Seismic behavior of steel-plate encased concrete shear wall with paralleled circular CFST columns: Laboratory test and numerical simulation

Abstract

Aiming to improve the structural behavior of high-rise buildings, a steel-plate encased concrete shear wall with parallel circular concrete-filled steel tube columns (P-CFST-SCSW) is proposed and investigated by experiments and numerical studies in this study. All seven specimens were conducted and tested under reversed cyclic force to explore the influences of different design parameters, including axial compression ratios, steel tube thicknesses, spacing-thickness ratios, and shear span ratios. The failure modes, hysteresis behavior, strength and stiffness degradation, energy dissipation were thoroughly recorded and compared in detail.
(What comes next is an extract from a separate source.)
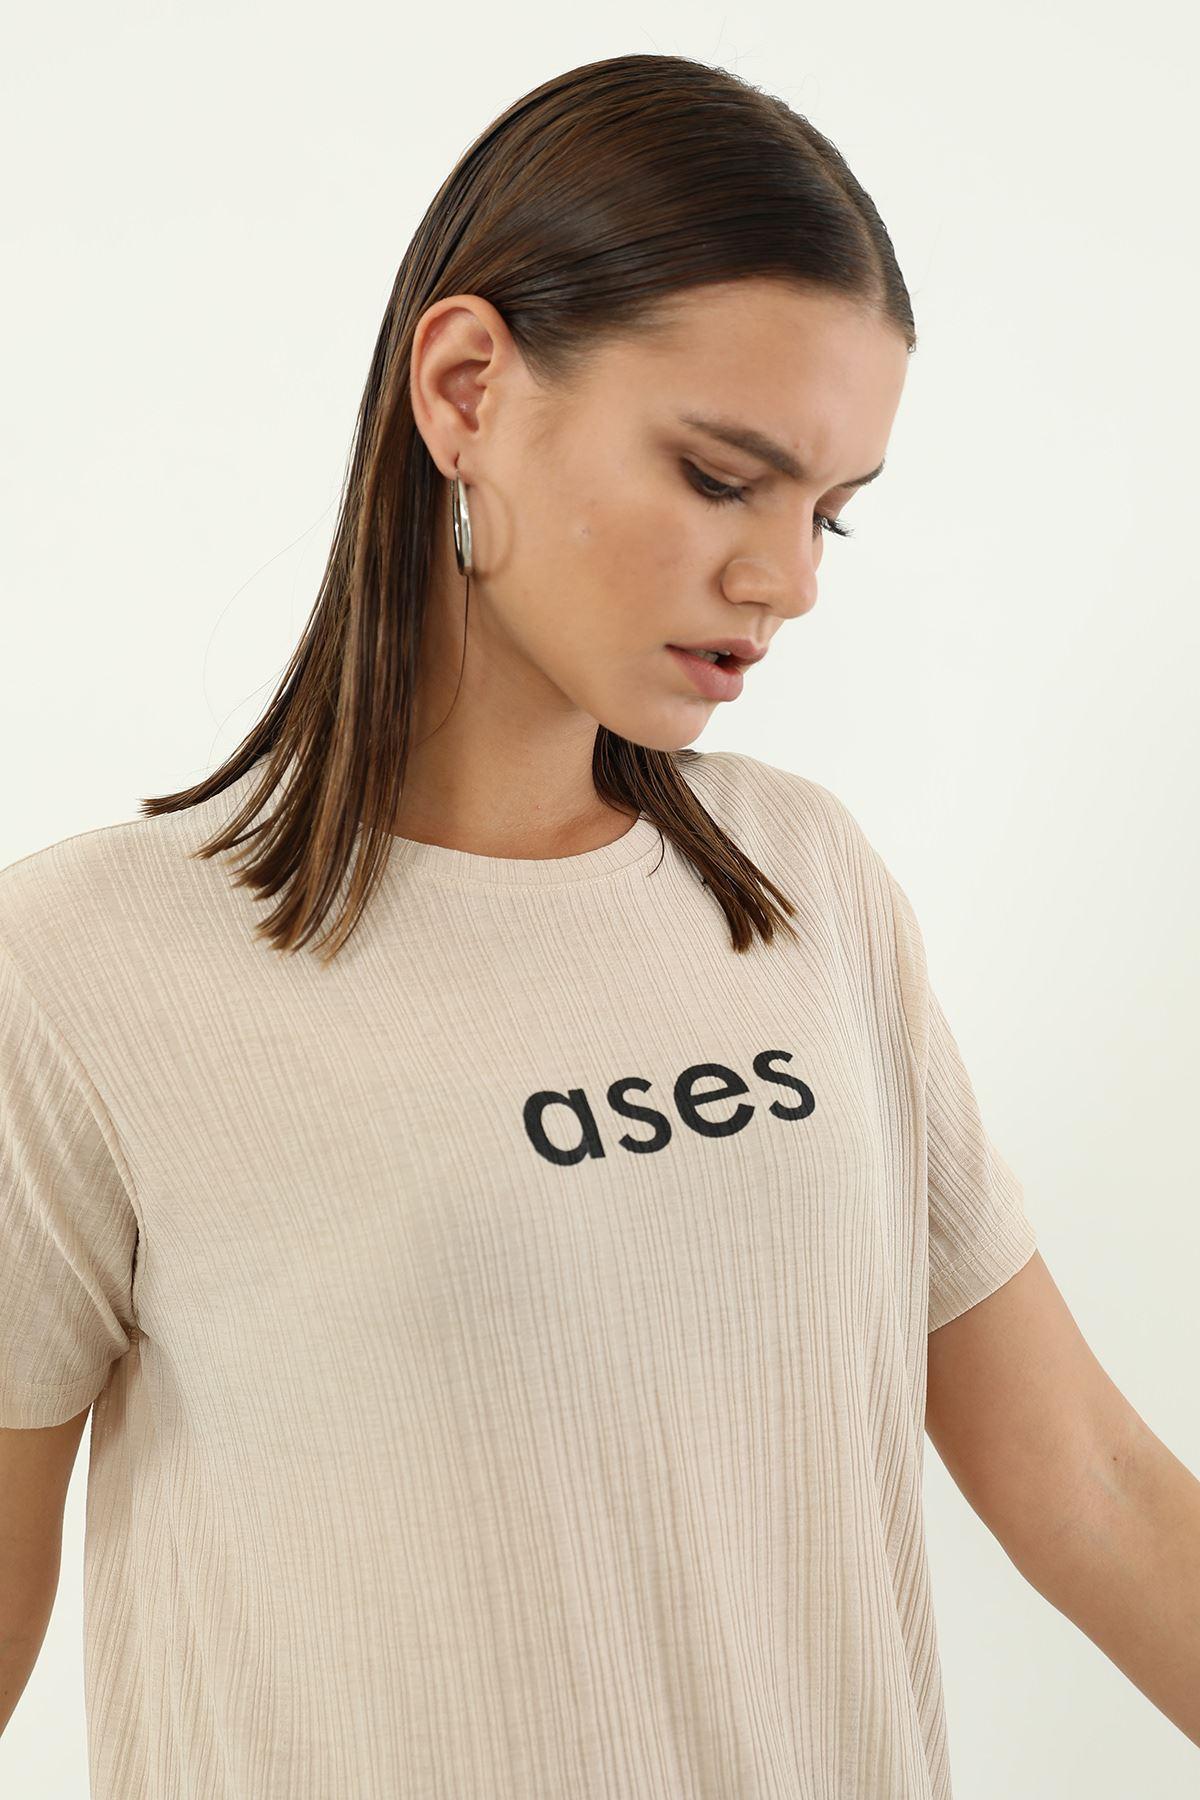 Ases Baskılı T-shirt-Bej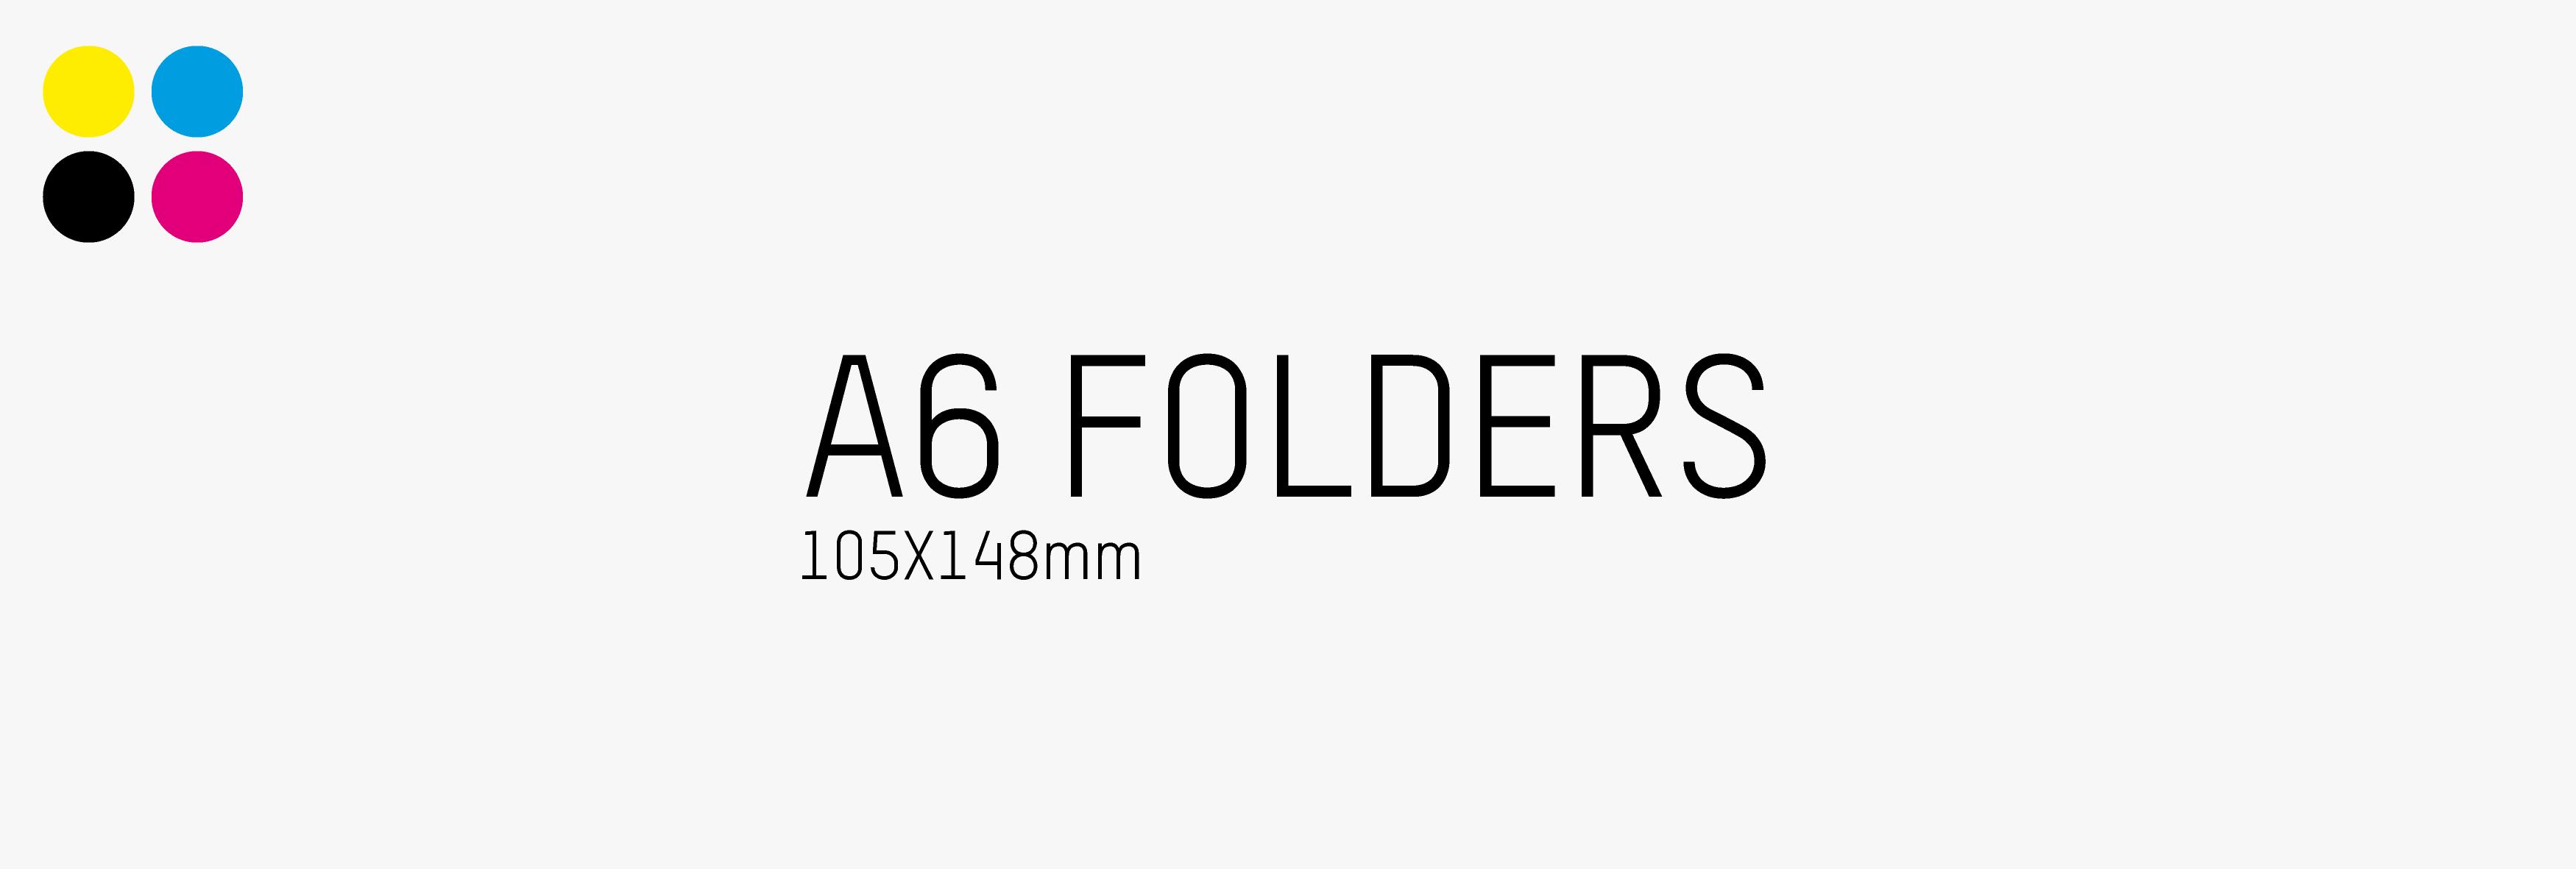 A6-folders

Results indicated that all specimens have experienced the failure process of boundary steel tubes buckling, steel plates buckling and concrete crushing. Results also showed that the bearing capacity and deformation capacity of proposed composite walls was excellent. The peak force and initial stiffness of P-CFST-SCSWs were improved by reducing the shear span ratio and increasing the axial compression ratio, while the stiffness degradation and ductility quickly deteriorated. The increased thickness of circular steel tubes considerably improves the seismic behavior of P-CFST-SCSWs. Finally, the numerical model was established to further investigate the effect of the concrete strength, steel yielding strength, and circular CFST columns number on lateral behavior of P-CFST-SCSWs.